Улыбка скользнула на перемазанное кровью и многодневной грязью личико, не слишком-то оттертое сухой салфеткой.
— Спасибо. — Голос хриплый и сорванный. Но приятный. А вот взгляд — по-прежнему острый и цепкий.
Так и есть.
Бастард.
— Только давай в темпе, у меня мало времени!
Мелкая прошла в душ, почти не раздумывая. От двери еще раз улыбнулась — вполоборота, через плечо, радостно и искренне. И — почти кокетливо.
Еще интереснее. Что это — предельная степень отчаяния, когда уже все — все равно, вполне осознанная провокация или просто по-детски тупая уверенность в собственной неуязвимости? Ведь не знать о репутации бьютифульцев она не может.

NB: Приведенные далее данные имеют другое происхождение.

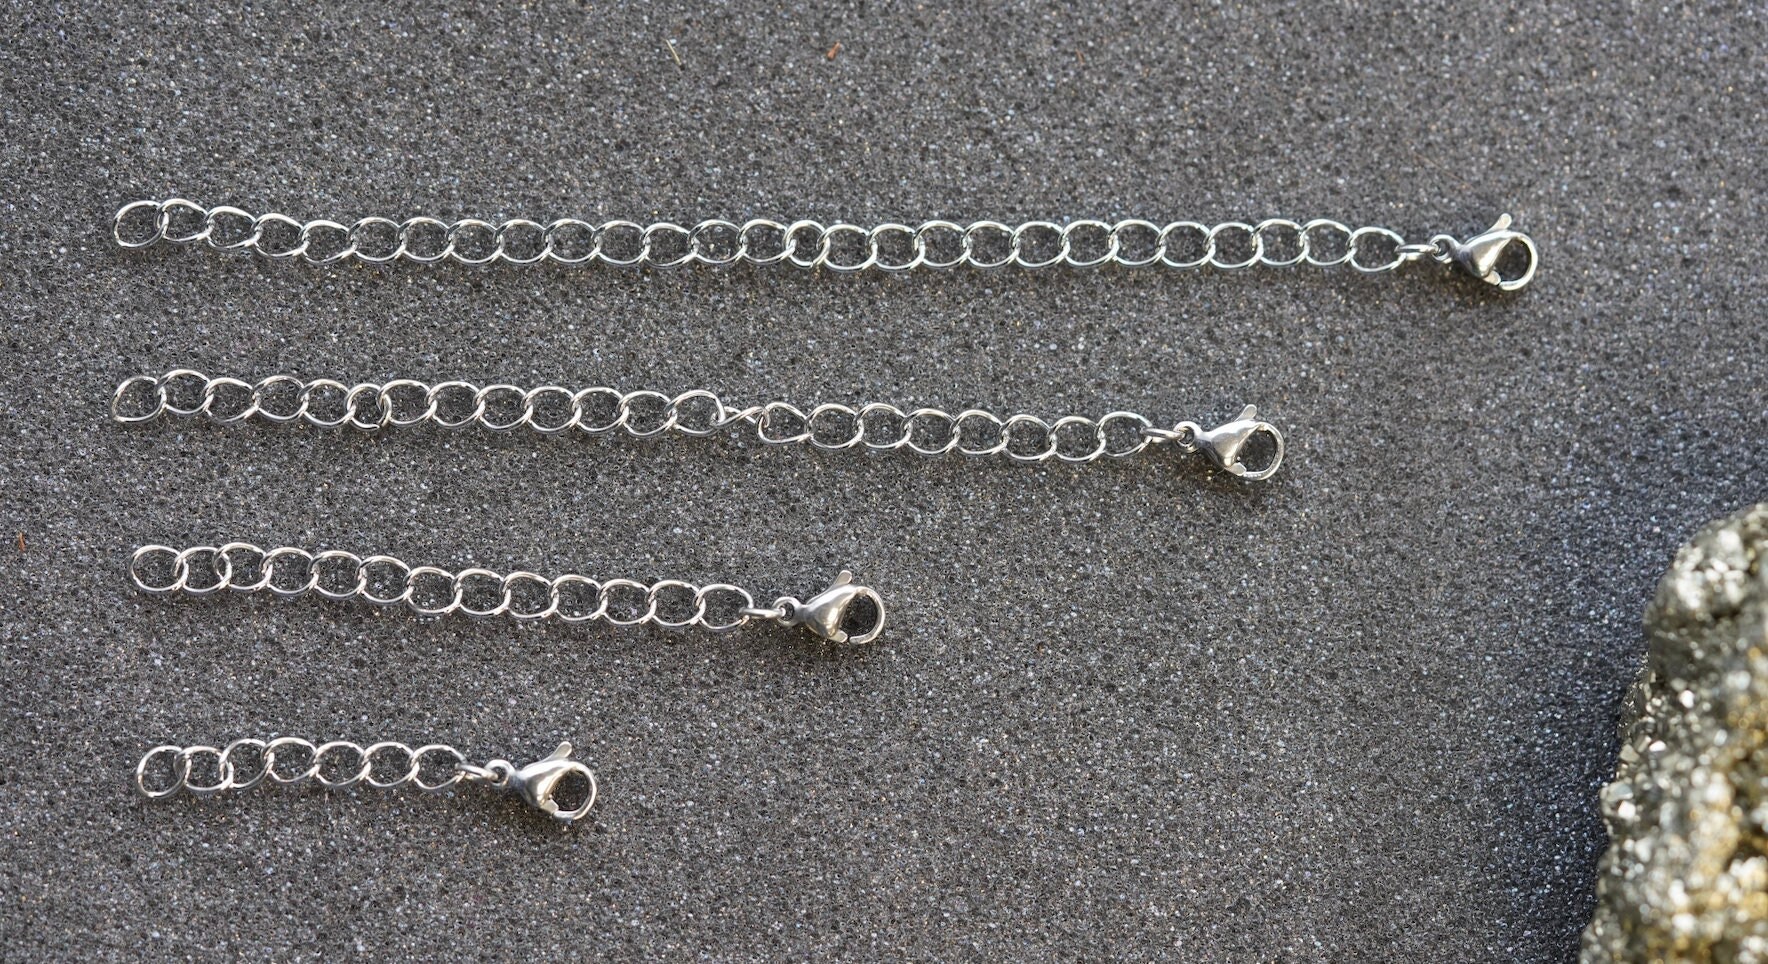 Heavy Duty Adjustable Extender Chain, 925 Sterling Silver, 2 Inch

Аликс сняла клипсу, вставила в комп.
— Чип, что там было?
— Случайностью это быть не может, слишком уж хорошо проработана мизансцена. Причем, заметь, ловушка была поставлена именно на тебя! Нельзя тащить бомбу туда, где живешь!
— Чип, я задала тебе конкретный вопрос. На уровне, который она взломала, было что-то ценное?
— Три сотых, ты понимаешь?! Вероятность случайности — три сотых процента!
Чип не умел ругаться. Спорить — другое дело. Она сама когда-то столько времени и сил угробила на отлаживание его логических контуров, что было бы просто смешно, не умей он спорить. Особенно, если считает себя правым. А правым в последнее время он считает себя постоянно. Возраст такой…
— Чи-ип!..
И, что характерно — голос менять на него бесполезно…
Он не ответил, только высветил схему на левом экране, одновременно на правом прогоняя файлы — все подряд и на очень высокой скорости. Ругаться, конечно, он не умел, но адекватную замену находил мастерски и всегда.
Впрочем, он никогда не наглел до беспредела. Вот и сейчас скорость прогона не превышала критичной. Для эриданца, конечно. Неудобно и напрягает, да, но вполне читаемо.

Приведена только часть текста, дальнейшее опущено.